This is the problem I stumbled upon:

Given a smooth time-dependent (propensity) probability of an event to occur, i.e. a function $p: \mathbb{R} \rightarrow [0,1]$ (without further restrictions than being "smooth"). The task is to produce a time-series that satisfies $p$.

The solution seems straight-forward:

  1. Choose an arbitrary time unit $\Delta t$. Divide time into steps of size $\Delta t$ (ignoring a phase).

  2. For time step $t \in \mathbb{Z}$ create a random number $\rho(t) \in [0,1]$.

  3. If $\rho(t) < p(t\Delta t)$, let the event occur at time step $t$.

What you get is a time series $e:\mathbb{Z} \rightarrow \{0,1\}$ ($e$ for "event"), which by construction satisfies $p$ with a (meta-)probability* that depends somehow on $\Delta t$ and the volatility of $p$.

This is the easy part (or direction): from a given propensity probability to one of a many time series that satisfy it (with rather high (meta-)probability).

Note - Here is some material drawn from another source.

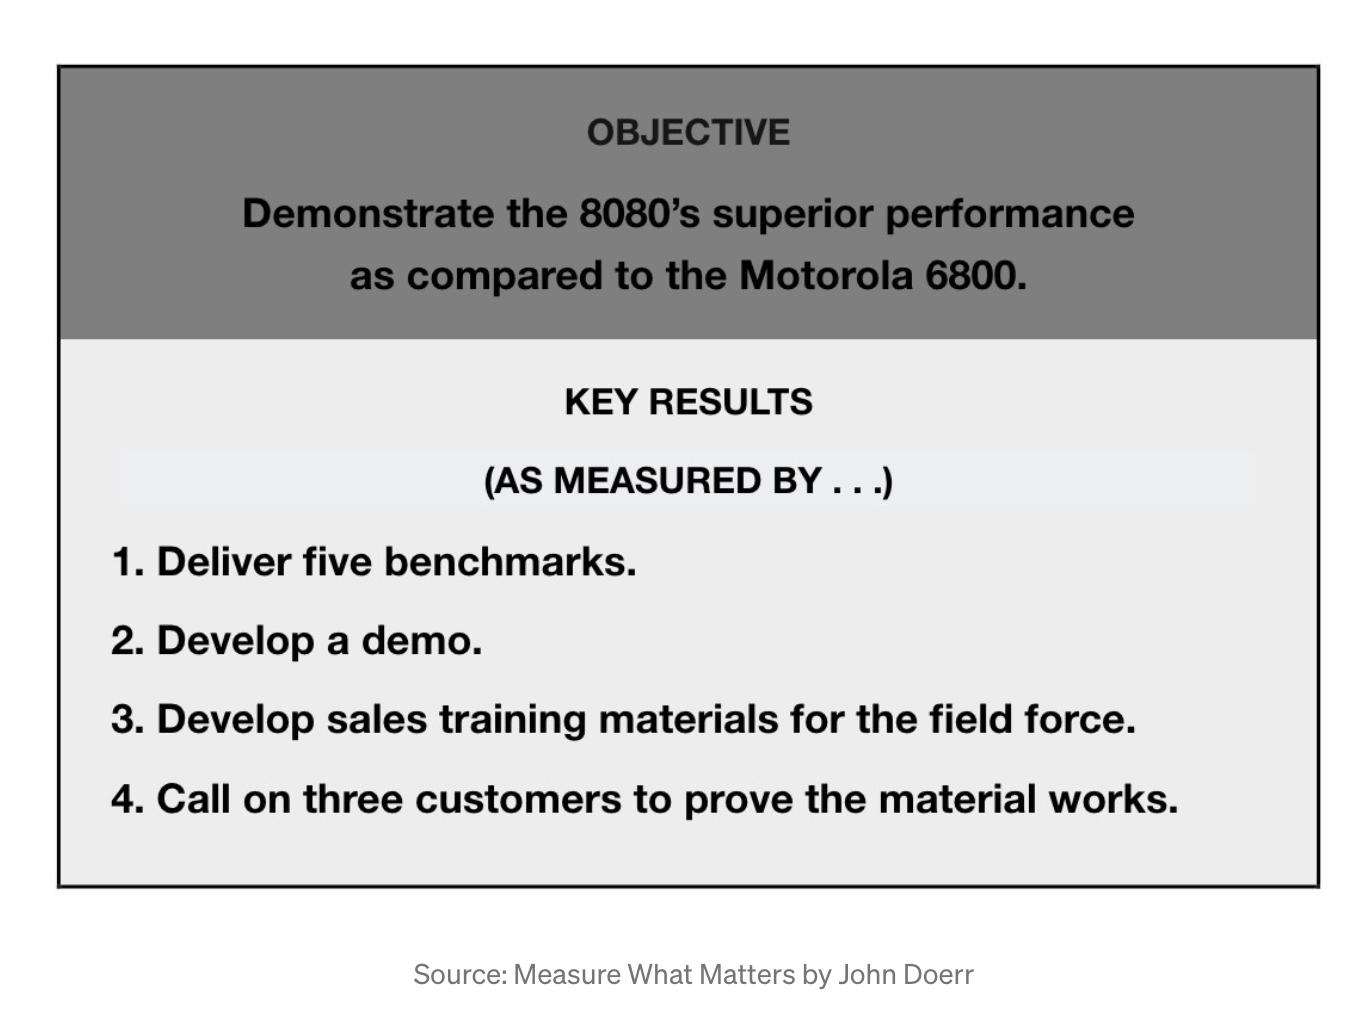 解析目标与关键结果法(OKR)
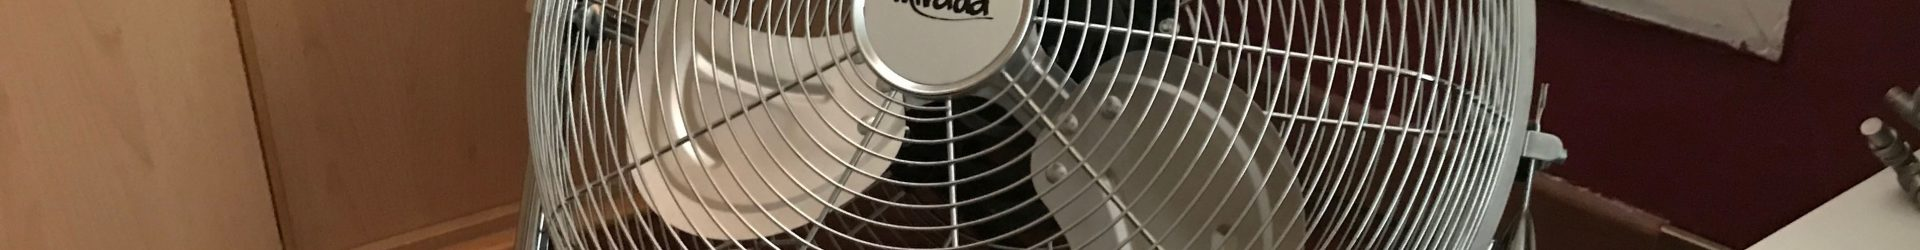 Controllare un ventilatore sulla base di un range termico tramite Home Assistant (v2)

But what about the other direction? Given a time series $e:\mathbb{Z} \rightarrow \{0,1\}$ and finding

  • an arbitrary or
  • one of a kind or
  • one distinguished

probability function $p:\mathbb{R} \rightarrow [0,1]$ which is satisfied by $e$. Like above the choice of a time unit $\Delta t$ seems to be essential. Assume $\Delta t$ is choosen:

How do I find at least one single $p$ – given as a smooth function $p: \mathbb{R} \rightarrow [0,1]$ – that is satisfied by $e$?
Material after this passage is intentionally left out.